С Кузминым более или менее ясно: критики и читатели, во-первых, до появления, как мне кажется, мощной симфонии Ахматовой, если и очаровывались звучанием «Кони бьются, храпят в испуге…», то, во всяком случае, не искали родословной дивного метра. Во-вторых: стихотворение «Кавалер де Гриэ! — Напрасно…» рассматривалось только как навеянное кузминским стихотворением «Надпись на книге», что — верно, но, к моему огорчению, — без обратной связи. Так, расширяя скудный комментарий издания «Марина Цветаева. Библиотека поэта. 1965 г.» — «Манон Леско — героиня романа аббата Прево», — в американском четырехтомном издании Цветаевой ее исследователь Виктория Швейцер пишет в примечаниях: «Для Цветаевой эти образы были связаны не только с французским романом, но и со стихотворением Кузмина «Надпись на книге», о котором она писала в «Нездешнем вечере»: «А я пятнадцати лет читала Ваше «Зарыта шпагой, не лопатой Манон Леско…» Но дальше я не буду цитировать комментарий, сами прочтете «Нездешний вечер» и как восторгалась в нем этой шпагой юная Цветаева. Но к не полностью мною приведенному комментарию Швейцер можно еще добавить, что кузминская шпага, так остро-счастливо ранившая цветаевскую душу, победно прозвенела и в другом стихотворении Цветаевой:

О, дни, где утро было рай, И полдень рай, и все закаты! Где были шпагами лопаты И замком царственный сарай.

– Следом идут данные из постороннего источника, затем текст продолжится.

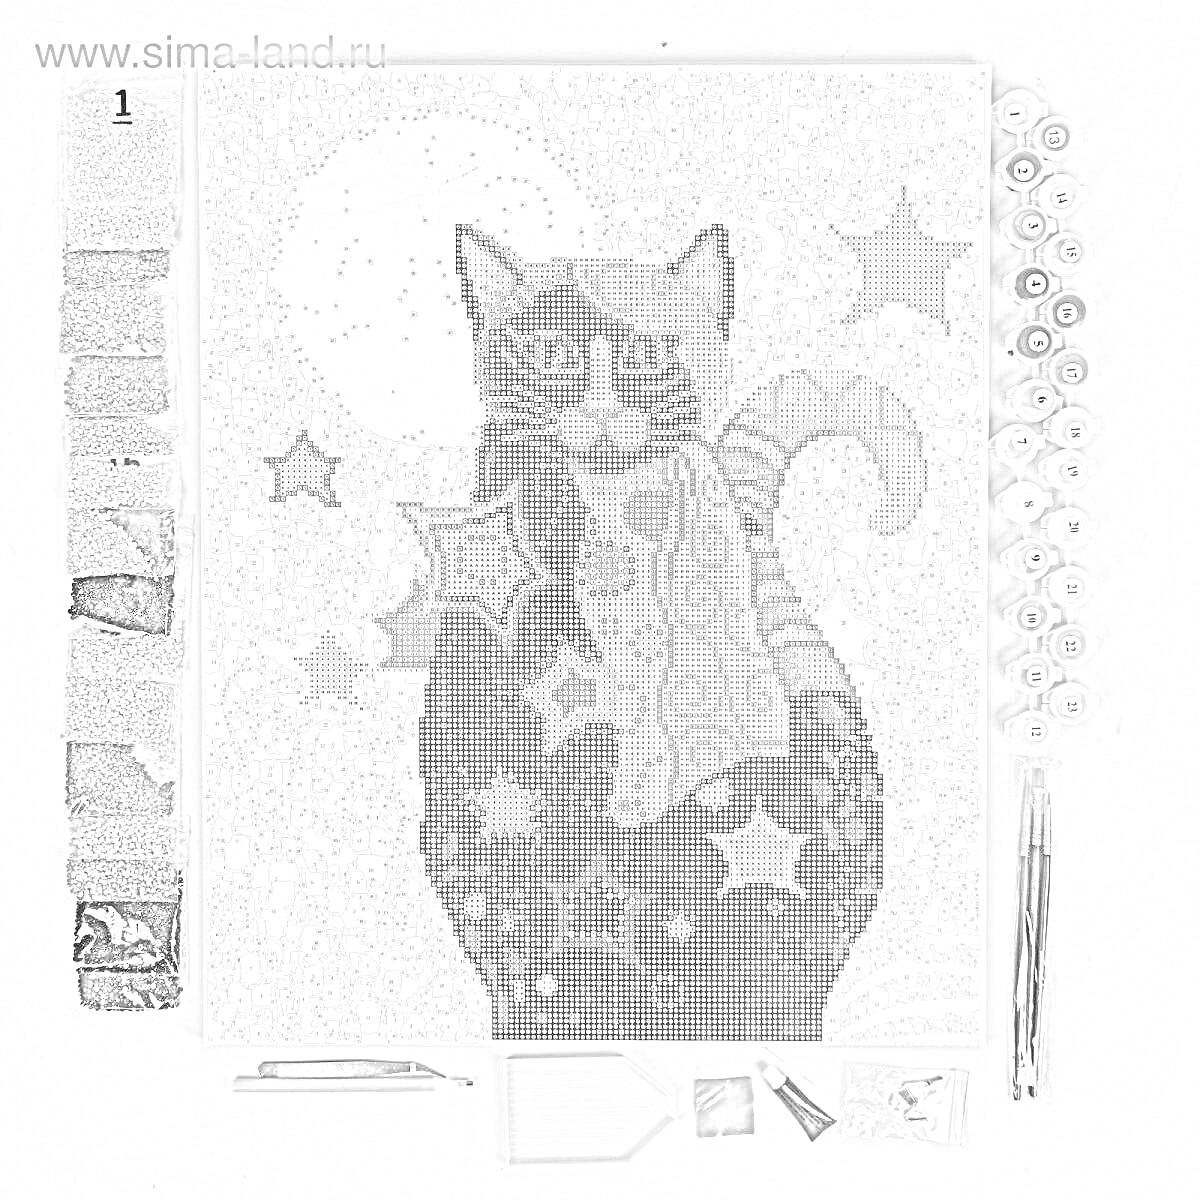 картинка с котом, украшенная разноцветными алмазами; на фоне - разноцветные звёзды, рядом комплектующие для раскраски: разноцветные камешки, карандаш для выкладки, лоток, пинцет и клей.

Естественно, что Кузмин не мог не знать «Кавалера…» как отклик на его «Надпись на книге». Возникла у меня и еще одна смутная догадка: почему цветаеведы, а быть может, и сама Цветаева прозевали новый мелос блистательно-изящного стихотворения: есть слабый повод рассмотреть его и как «заготовку-черновик» для цветаевского исступленного, полного отчаянья и надежды стихотворения «Тебе — через сто лет», продолжающего в 1919 году тему: «Моим стихам, как драгоценным винам, настанет свой черед», и адресованного — обратите внимание — Гостю из Будущего! Заканчивается это стихотворение строфой:

Сказать? — Скажу! Небытие — условность. Ты мне сейчас — страстнейший из гостей, И ты откажешь перлу всех любовниц — Во имя той — костей.

Куда скромнее о себе напишет Ахматова в «Решке»:

И тогда из грядущего века Незнакомого человека Пусть посмотрят дерзко глаза, И он мне, отлетевшей тени, Даст охапку мокрой сирени В час, как эта минет гроза.

(Гроза здесь — эпоха.)

Но вернемся к цветаевской строфе из стихотворения «Тебе — через сто лет».

Как видите, необычная ассонансная рифма — условность — любовниц — перекочевала из «Кавалера…» в «Тебе — через сто лет»! — ушла от Кавалера де Гриэ к Гостю из Будущего! Из этого, пожалуй, следует, что Цветаева, богатейшая ритмами, не придала должного значения музыке «Кавалера». Хотя и почти повторила ее еще в одном стихотворении. Но об этом не сейчас.